VHDL VGA接口
VHDL VGA interface
我一直在DE0板子上建模一个VGA接口。我有以下型号的 640x480 显示器,刷新频率为 60Hz:
主要型号:
LIBRARY IEEE;
USE IEEE.std_logic_1164.ALL;
USE IEEE.numeric_std.ALL;
ENTITY VGA is
PORT (clk : IN std_logic; -- demo had 2 bit vector
vga_hs, vga_vs : OUT std_logic;
vga_r, vga_g, vga_b : OUT std_logic_vector(3 DOWNTO 0));
END ENTITY VGA;
ARCHITECTURE A1 OF VGA IS
SIGNAL rst, clk25 : std_logic; -- rst only resets pixel clock
BEGIN
SYNC1 : ENTITY work.sync(A1)
PORT MAP (clk25, vga_hs, vga_vs, vga_r, vga_g, vga_b);
CLK_25 : ENTITY work.PLL(rtl)
PORT MAP (clk, rst, clk25);
END ARCHITECTURE A1;
同步模型:
LIBRARY IEEE;
USE IEEE.std_logic_1164.ALL;
USE IEEE.numeric_std.ALL;
ENTITY SYNC IS
PORT(
clk : IN std_logic;
h_sync, v_sync : OUT std_logic;
r, g, b : OUT std_logic_vector(3 DOWNTO 0)
);
END ENTITY SYNC;
ARCHITECTURE A1 OF SYNC IS
SIGNAL h_pos: integer RANGE 0 TO 800:=0;
SIGNAL v_pos : integer RANGE 0 TO 520:=0;
BEGIN
TIMING :PROCESS(clk) IS
BEGIN
IF rising_edge(clk) THEN
IF (h_pos = 480 or v_pos = 280) THEN -- middle of the screen is pic res/2 + (FP + sync + BP)
r <= (OTHERS => '1');
g <= (OTHERS => '1');
b <= (OTHERS => '1');
ELSE
r <= (OTHERS => '0');
g <= (OTHERS => '0');
b <= (OTHERS => '0');
END IF;
IF (h_pos < 800) THEN
h_pos <= h_pos + 1;
ELSE
h_pos <= 1;
IF (v_pos < 520) THEN
v_pos <= v_pos + 1;
ELSE
v_pos <= 1;
END IF;
END IF;
IF (h_pos > 16 and h_pos < 112 ) THEN -- H_POS between end of FP and the end of H_SYNC
h_sync <= '0'; -- H_SYNC needs to stay low during display
ELSE
h_sync <= '1';
END IF;
IF (v_pos > 8 and v_pos < 10 ) THEN --V_POS between end of FP and the end of V_SYNC
v_sync <= '0'; -- V_SYNC needs to stay low during display
ELSE
v_sync <= '1';
END IF;
IF ((h_pos > 0 and h_pos < 160) or (v_pos > 0 and v_pos < 40 )) THEN--During all of SYNC i.e FP + SYNC + BP colour signals stay low
r <= (OTHERS => '0');
g <= (OTHERS => '0');
b <= (OTHERS => '0');
END IF;
END IF;
END PROCESS TIMING;
END ARCHITECTURE A1;
----------Amendments made to model 09/02 13:42----------
另一个直接实例化是从 Quartus II 生成的 PLL,它似乎工作正常。
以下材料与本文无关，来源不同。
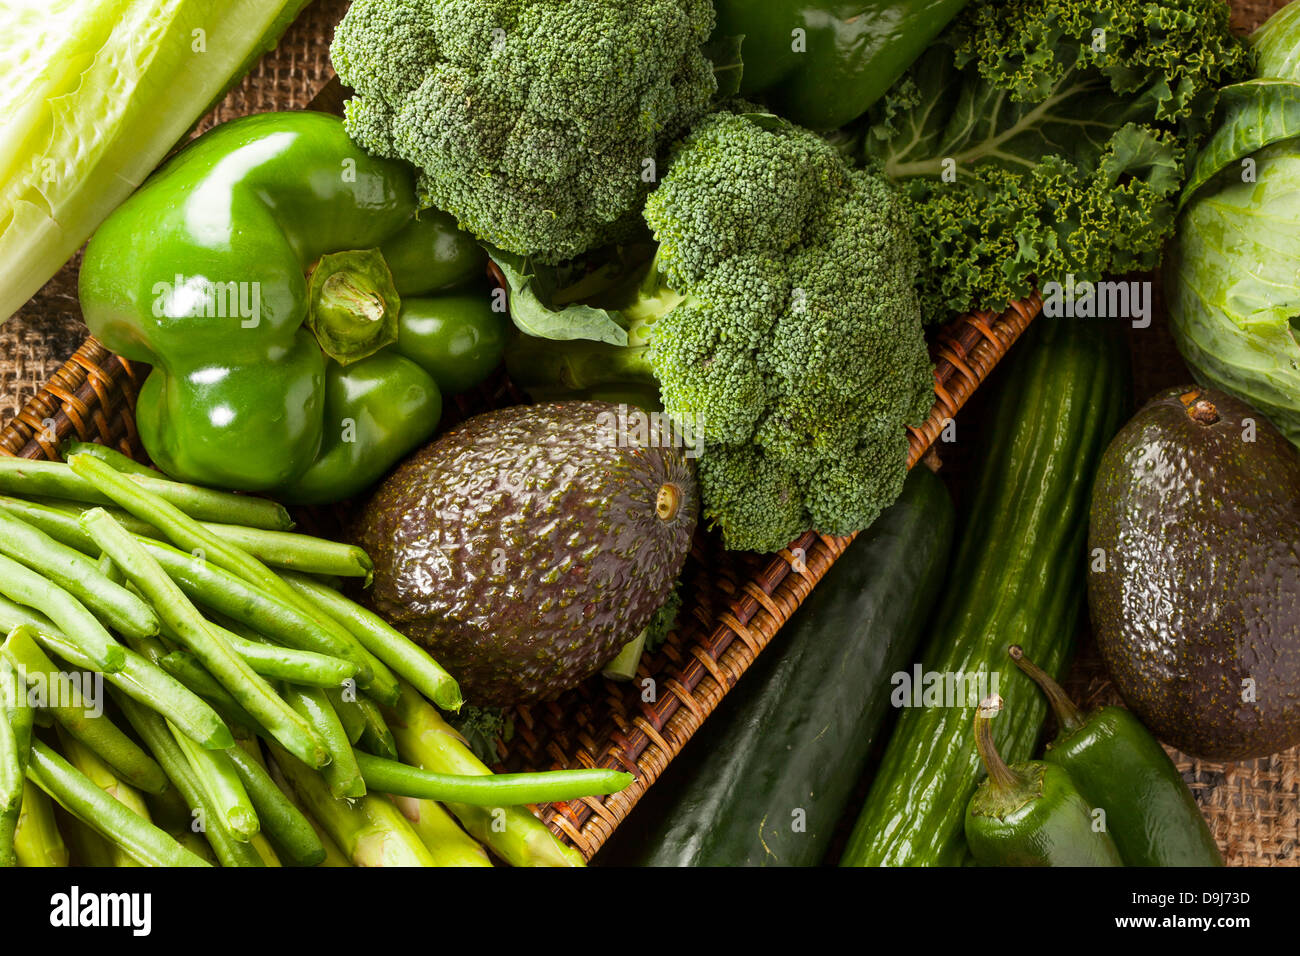 Group of Raw Fresh Organic Assorted Green Vegetables Stock Photo - Alamy

谢谢 Zilmer 先生 :)。该模型编译得很好。我将它加载到 DE0 中。然后将其连接到显示器,显示器上什么也看不到。它应该在屏幕中央显示一个十字。我使用的显示器是 1920x1080 的三星显示器。这会阻止我的模型显示任何东西吗?或者我在我的模型中犯了一个明显的错误。我更改了一些标准时序值以适应 60Hz 刷新率和 25Mz clk。
谢谢
D
您的实体同步 VHDL 代码未分析。您缺少 end if 并且 h_sync 和 v_sync 的初始值违反了子类型约束:
signal h_pos: integer range 1 to 800 := 0;
signal v_pos: integer range 1 to 520 := 0;
其中 0 在 1 to 800 或 1 to 520 的范围之外。
这提出了一个问题,即您是否有另一个用于实体同步的架构,或者同步是否只是未绑定的。其中任何一个都可能给你一个错误的指示(并且你的问题中没有证明错误)。
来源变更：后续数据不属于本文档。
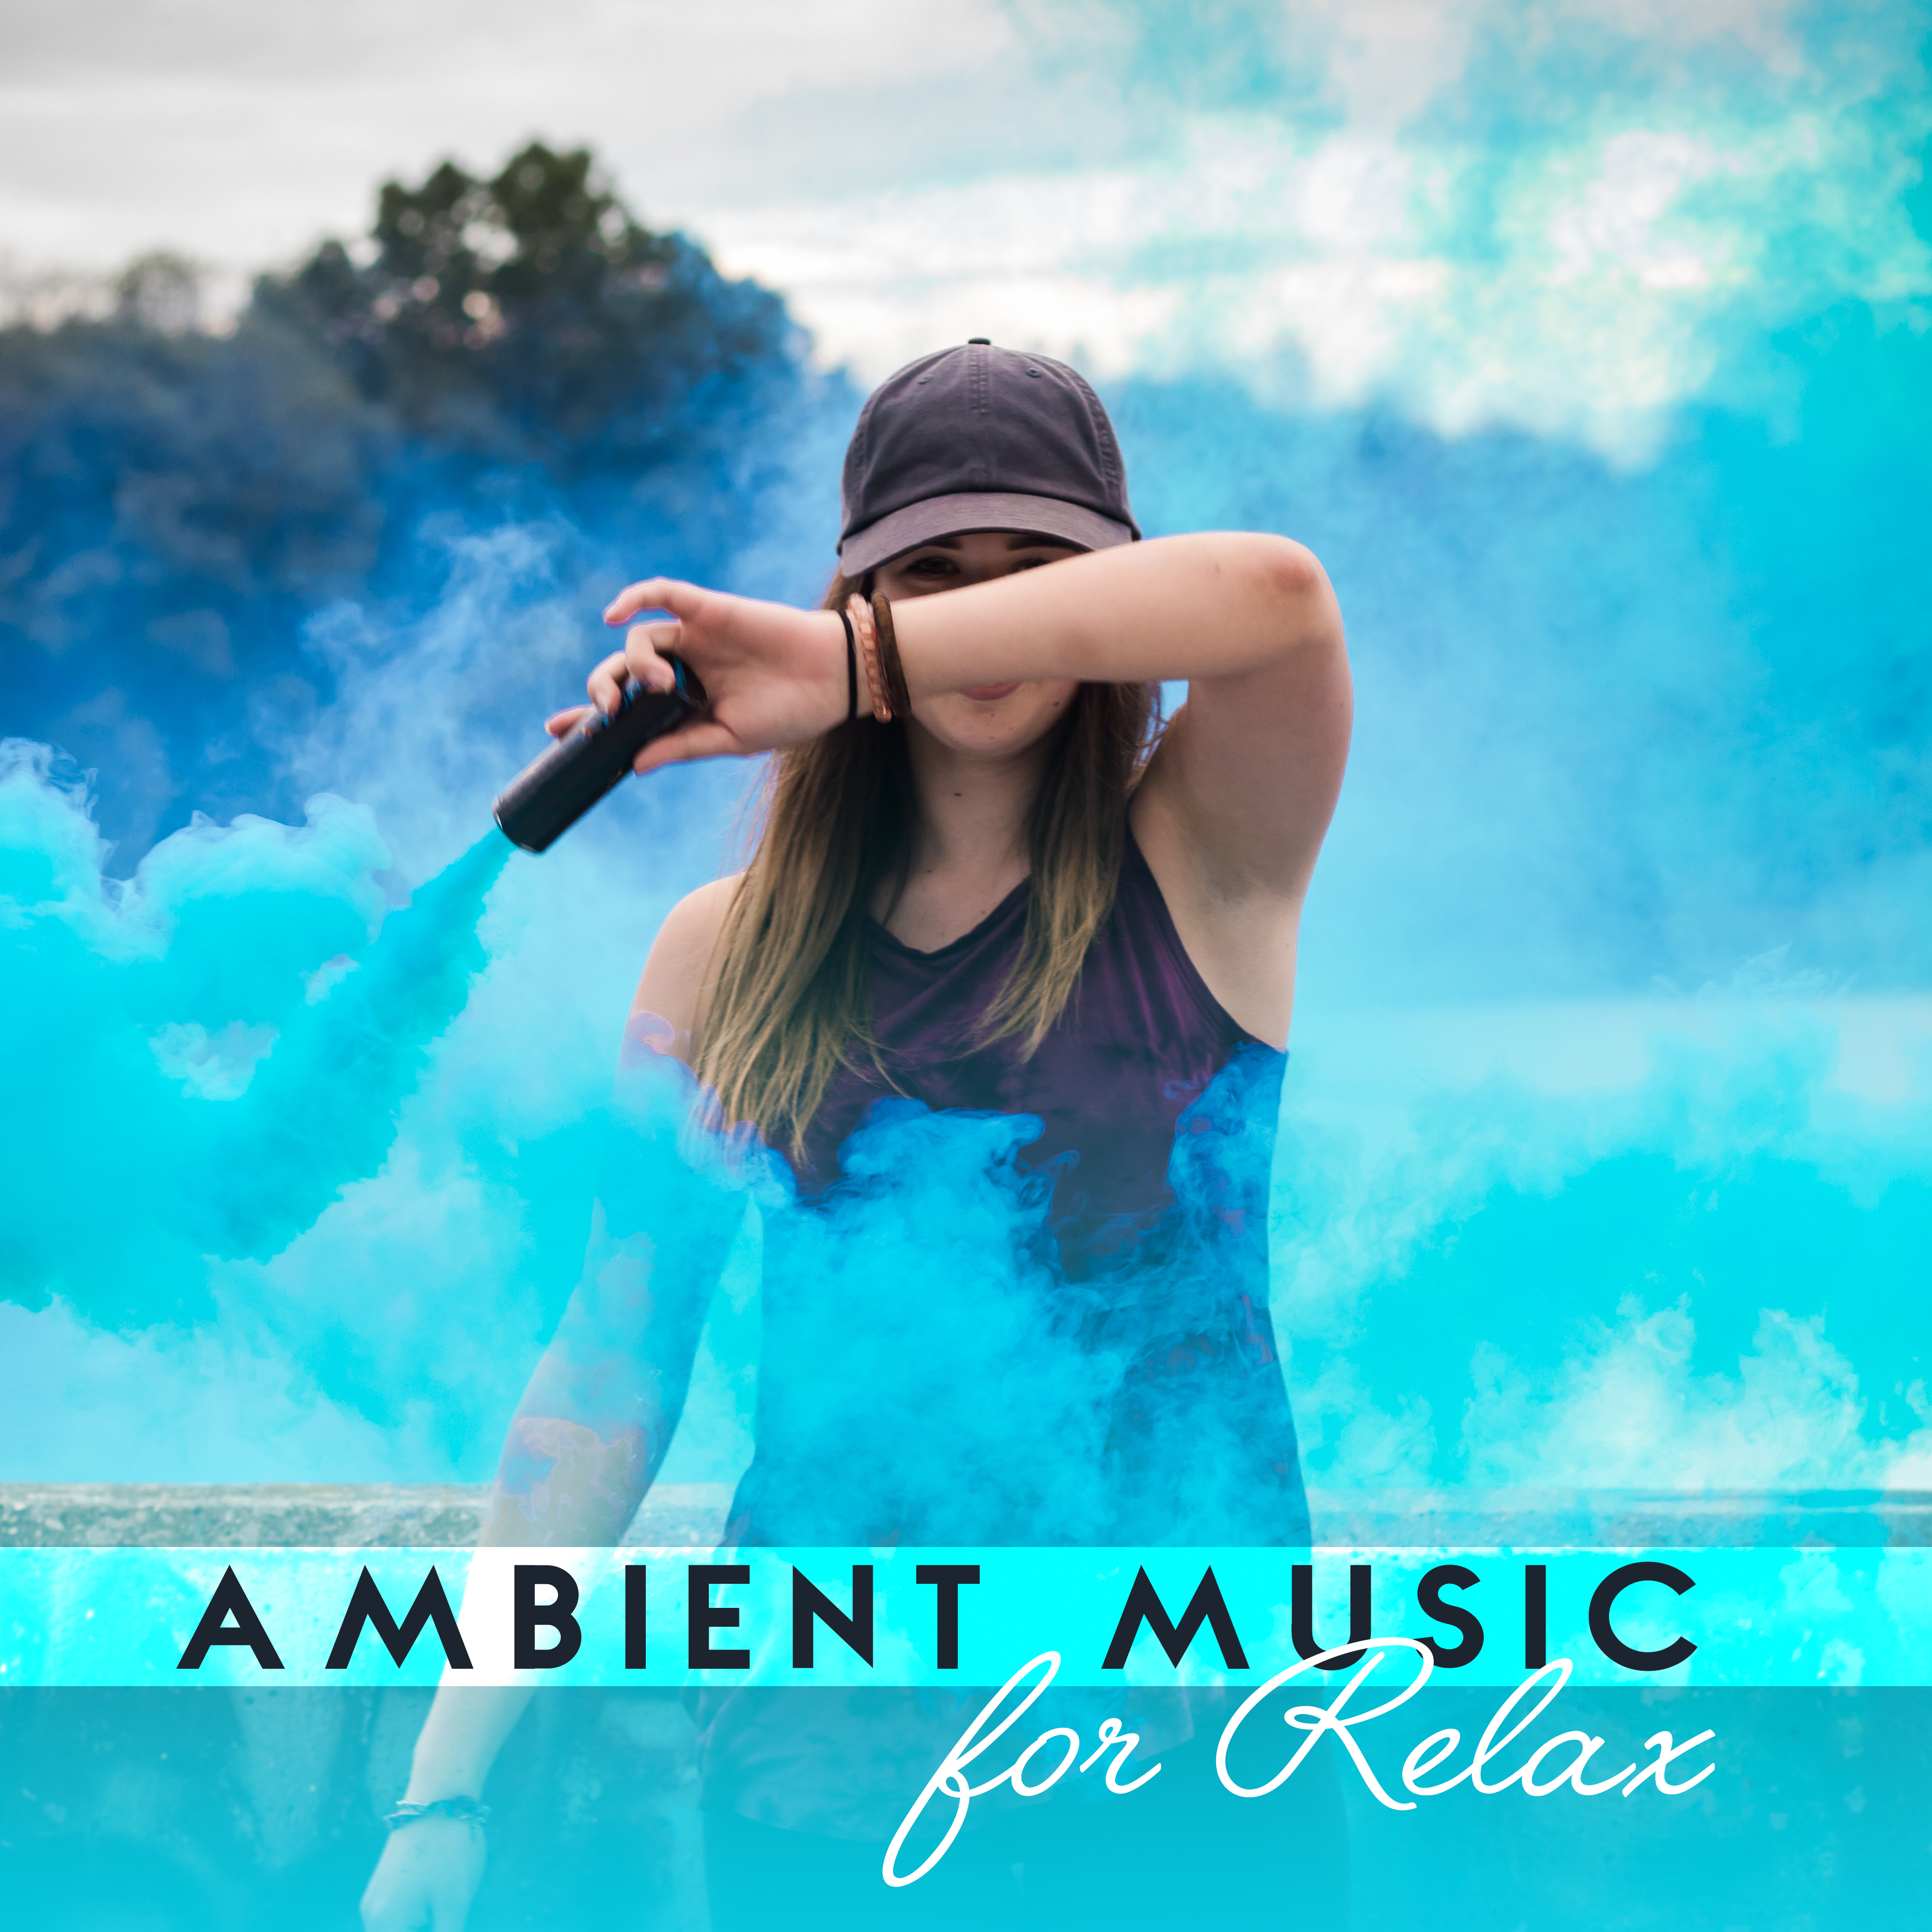 Ambient Music for Relax – New Age 2017, Deep Relaxation, Nature Sounds, Zen, Healing Music Therapy

我们可以使用测试台来演示同步在 25 MHz 时钟的模拟中的作用:
library ieee;
use ieee.std_logic_1164.all;
--use ieee.numeric_std.all;
entity sync is
port (
clk: in std_logic;
h_sync, v_sync: out std_logic;
r, g, b: out std_logic_vector(3 downto 0)
);
end entity sync;
architecture a1 of sync is
signal h_pos: integer range 1 to 800 := 1; -- was := 0;
signal v_pos: integer range 1 to 520 := 1; -- was := 0;
begin
timing:
process (clk) is
begin
if rising_edge(clk) then
if h_pos = 480 or v_pos = 280 then -- middle of the screen
r <= (others => '1');
g <= (others => '1');
b <= (others => '1');
else
r <= (others => '0');
g <= (others => '0');
b <= (others => '0');
end if;
if h_pos < 800 then
h_pos <= h_pos + 1;
else
h_pos <= 1;
if v_pos < 520 then
v_pos <= v_pos + 1;
else
v_pos <= 1;
end if;
if h_pos > 16 and h_pos < 112 then
h_sync <= '0'; -- h_sync low during display
else
h_sync <= '1';
end if;
if v_pos > 8 and v_pos < 10 then
v_sync <= '0'; -- v_sync low during display
else
v_sync <= '1';
end if;
if (h_pos > 1 and h_pos < 160) or
(v_pos > 1 and v_pos < 40 ) then -- black during blanking
r <= (others => '0');
g <= (others => '0');
b <= (others => '0');
end if;
end if;
end if; -- added misssing end if
end process timing;
end architecture a1;
library ieee;
use ieee.std_logic_1164.all;
entity sync_tb is
end entity;
architecture foo of sync_tb is
signal clk: std_logic := '0';
signal h_sync: std_logic;
signal v_sync: std_logic;
signal r, g, b: std_logic_vector (3 downto 0);
begin
DUT:
entity work.sync
port map (
clk => clk,
h_sync => h_sync,
v_sync => v_sync,
r => r,
g => g,
b => b
);
CLOCK:
process
begin
wait for 20 ns; -- clock period 25 MHz = 40 ns;
clk <= not clk;
if now > 20 ms then -- one frame time plus a bit
wait;
end if;
end process;
end architecture;
现在我们来解决问题:
我们注意到的第一件事是 h_sync 是错误的。另请注意,v_sync 似乎约为 16.667 毫秒(1/60 秒)。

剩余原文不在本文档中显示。